Post by Anthony Simon »

This is a recent video, where she does a transformation on "Anna", who is TG:

https://youtu.be/eldnQpZbkl4

I think you're probably right about her client base - and there is a very obvious sales-pitch element to what she's doing. But, on the other hand, it was noticeable to me about the way she got into this - as a response to what a client wanted and the way it touched those deep memories in her. I would guess that the demand is for Male to Female transformation services and she's focused on that so that her business can work. But, at the same time, my impression is her personal history means she has a very real (and deep) commitment to liberation for people to live their lives aligned with whatever their inner gender orientation is. So Anna, in the video above, works for her service (and they're obviously having a lot of fun together).
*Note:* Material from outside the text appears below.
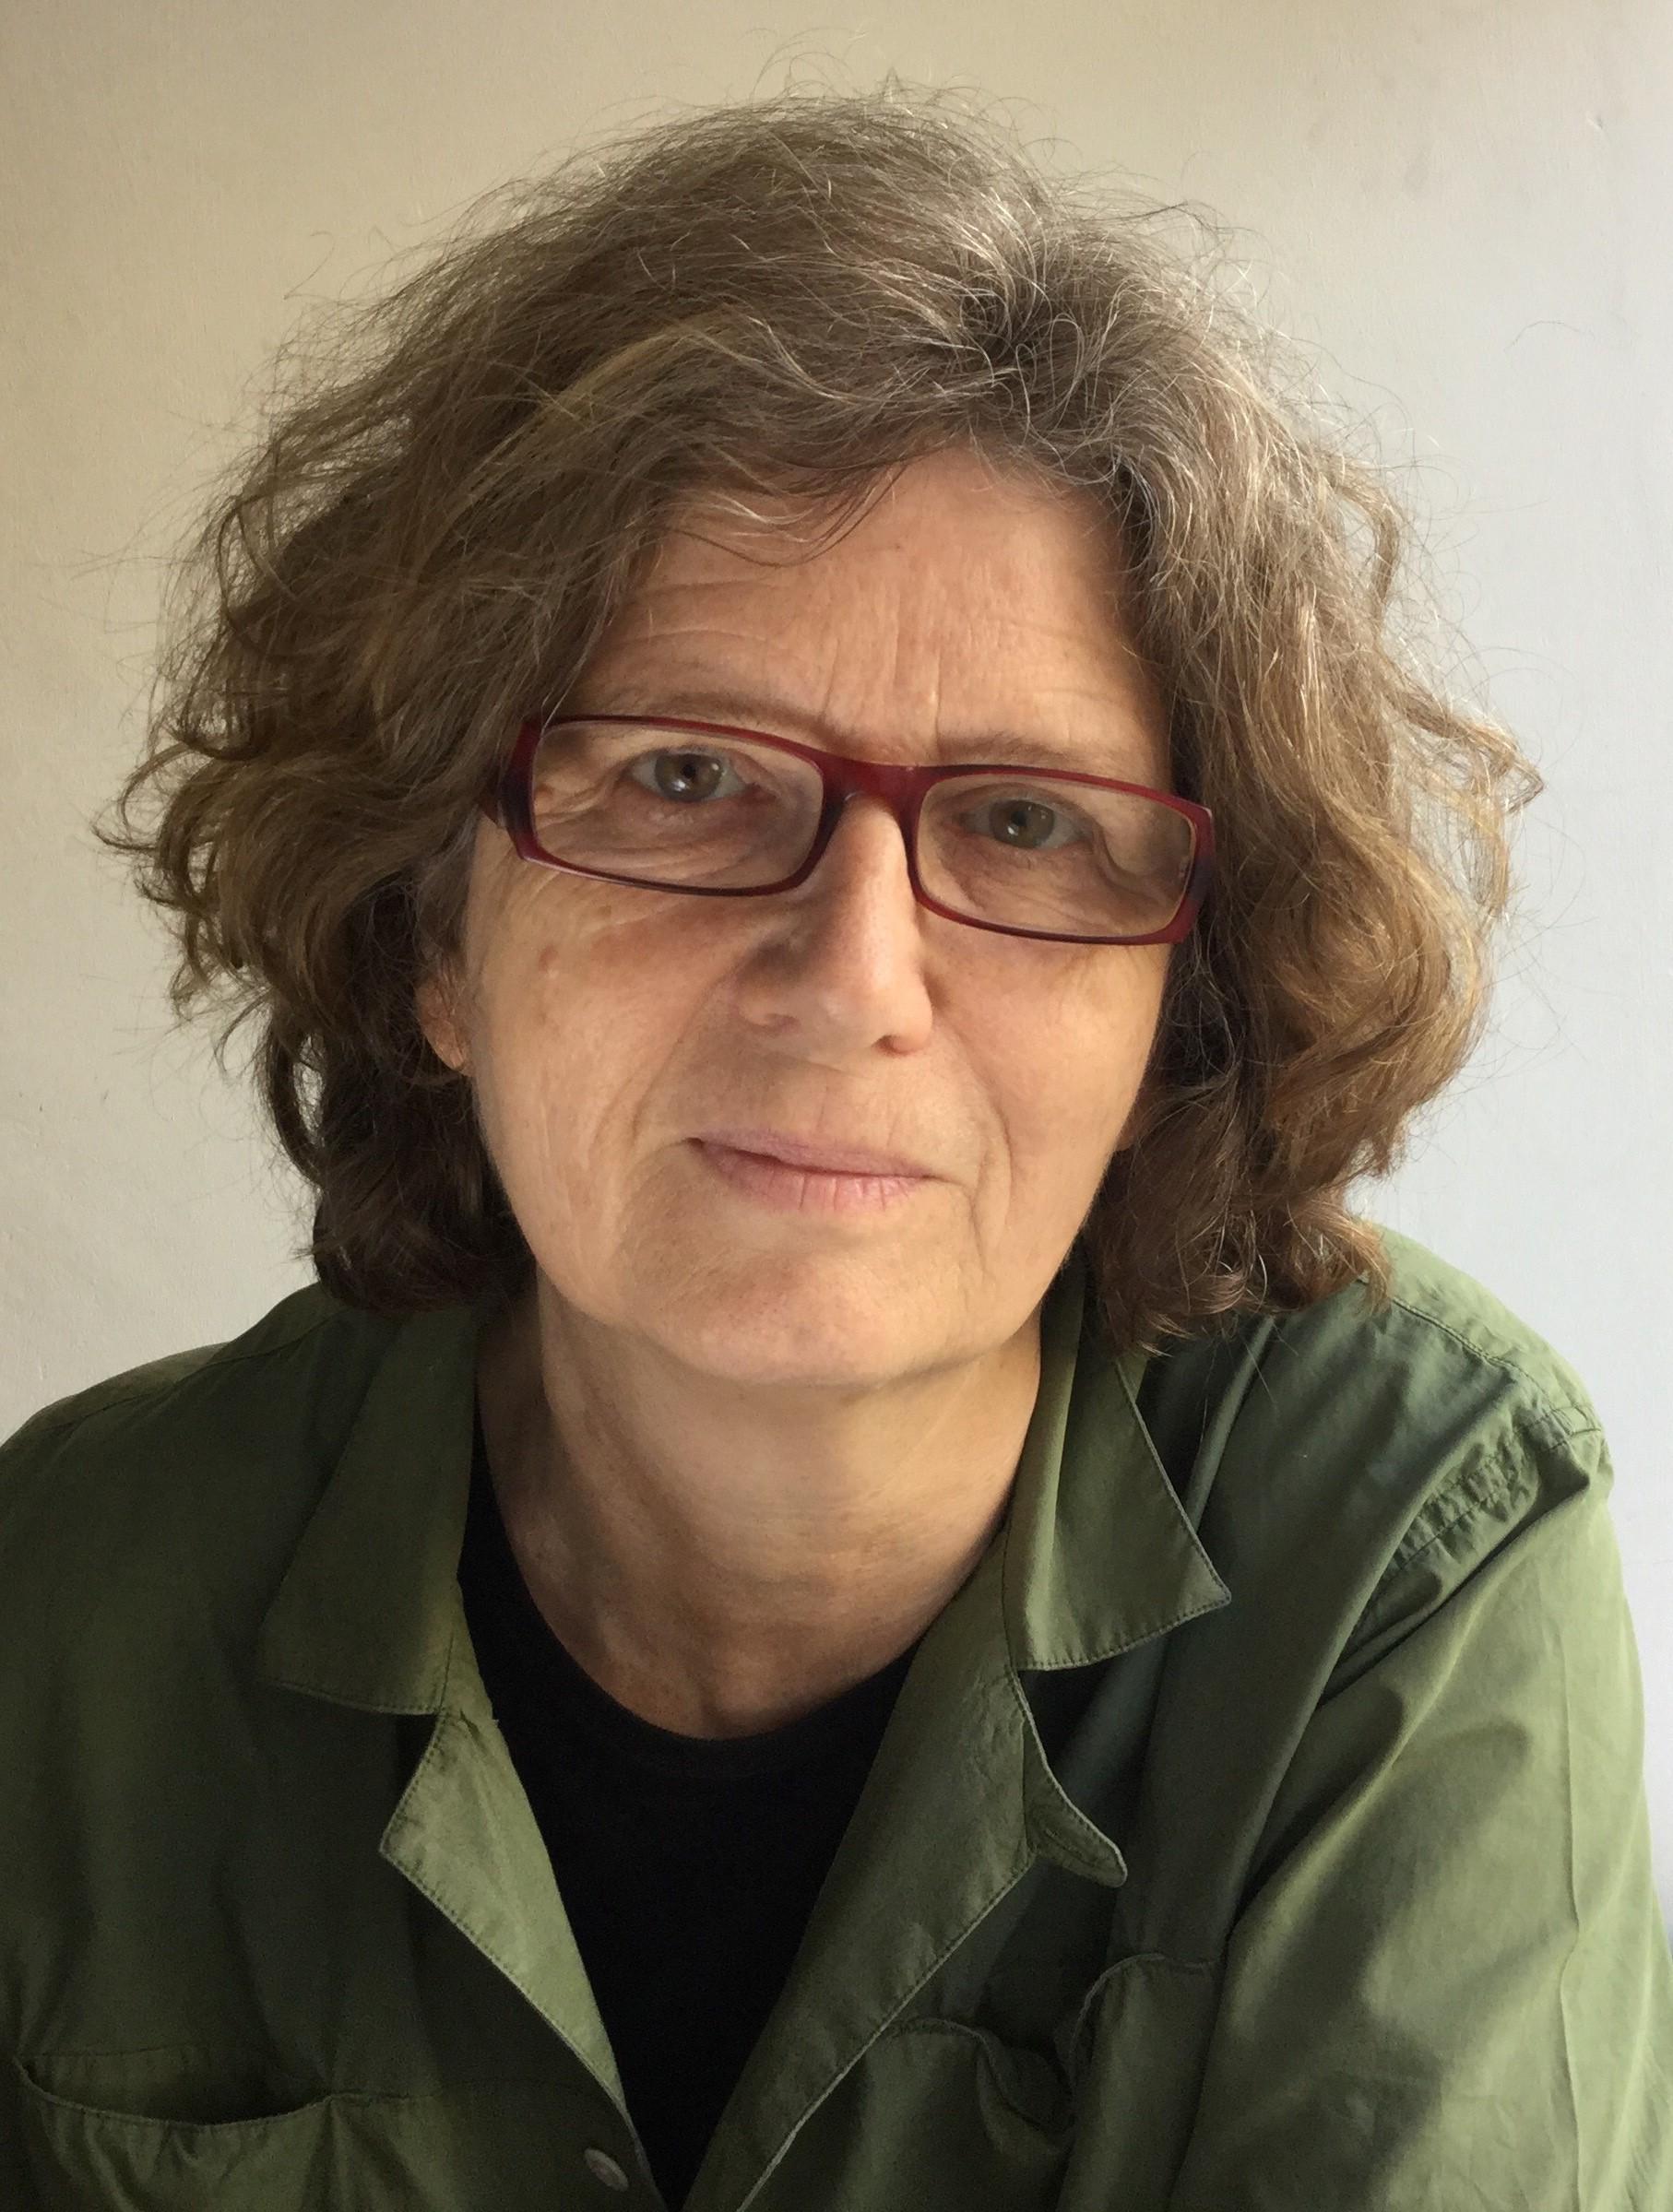 Vanessa Benson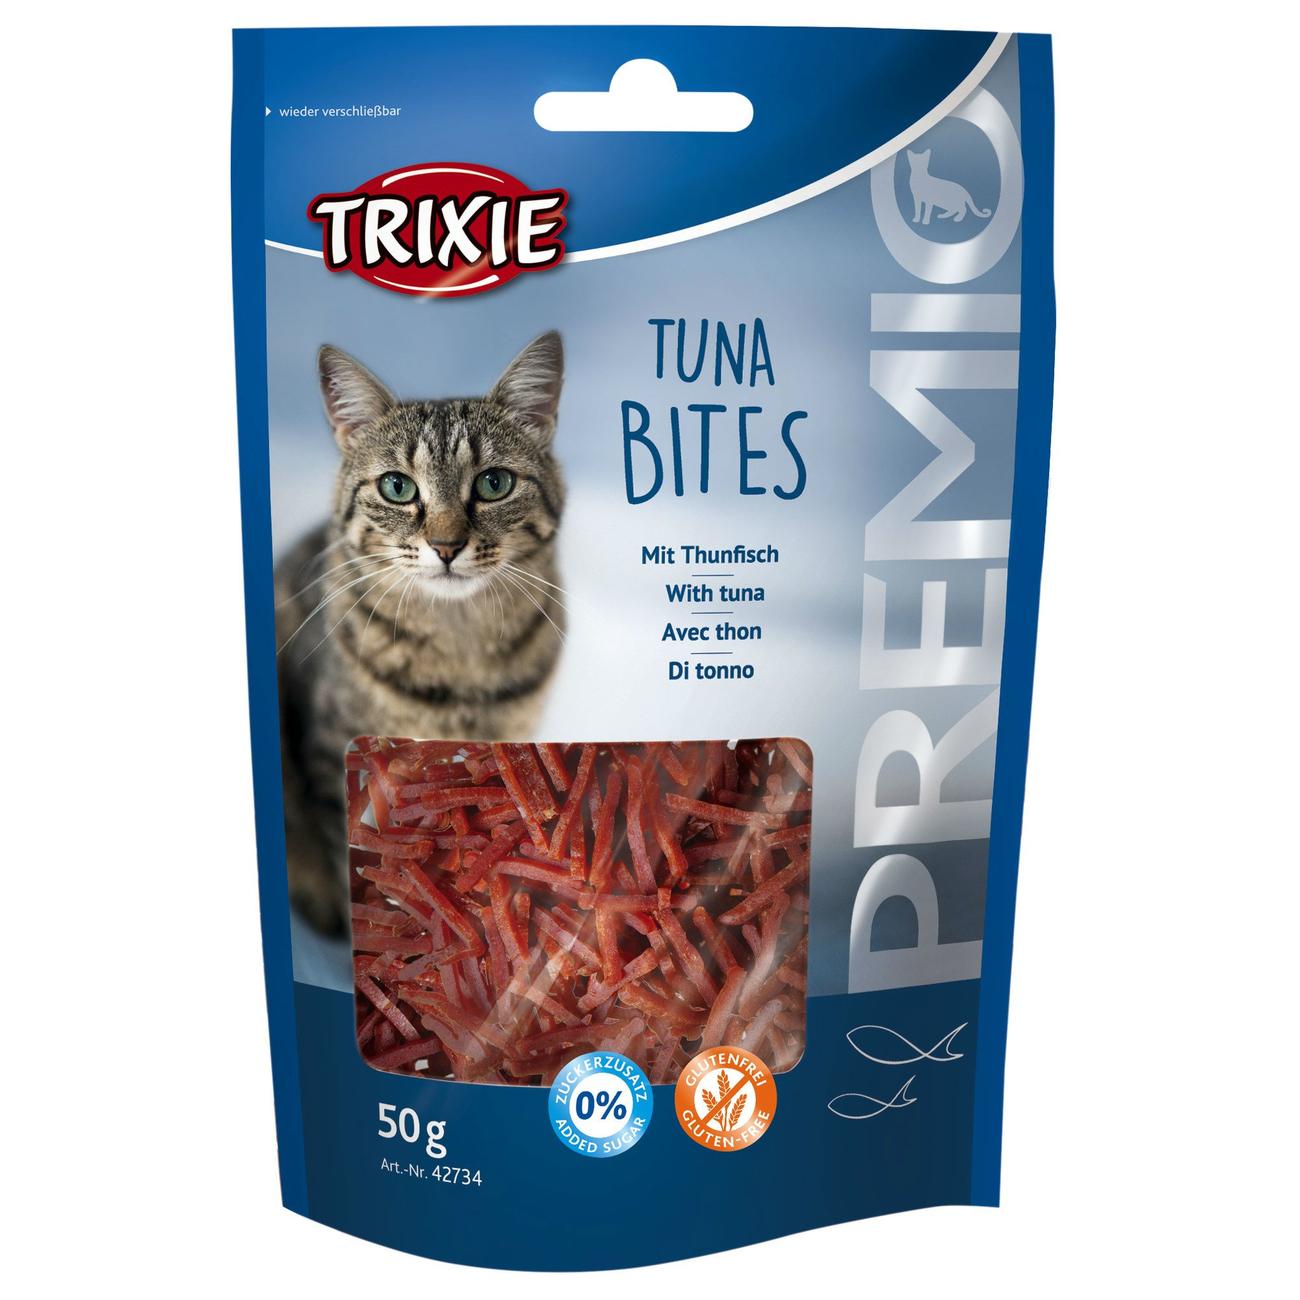 Trixie PREMIO Tuna Bites Katzenleckerlis 42734

The way she describes her switching feelings just very much chimed with how I am now - like it can be from moment to moment that I go from female to male and back again. I didn't really have that as a child - in a conscious way - but it does kind of fit with what happened to me when I got into female clothes then.

I would say I felt way too feminine for a boy as a child - and yet I liked being a boy. It was odd. There were a few occasions when a girl would pop out of me and just a general sort of hum of being female that wasn't being expressed.

I think maybe my "box" was wrong. Like I didn't fit into the box of male - and I sort of kept (and keep) trying nevertheless - but then I didn't (and don't) fit into the box of female either.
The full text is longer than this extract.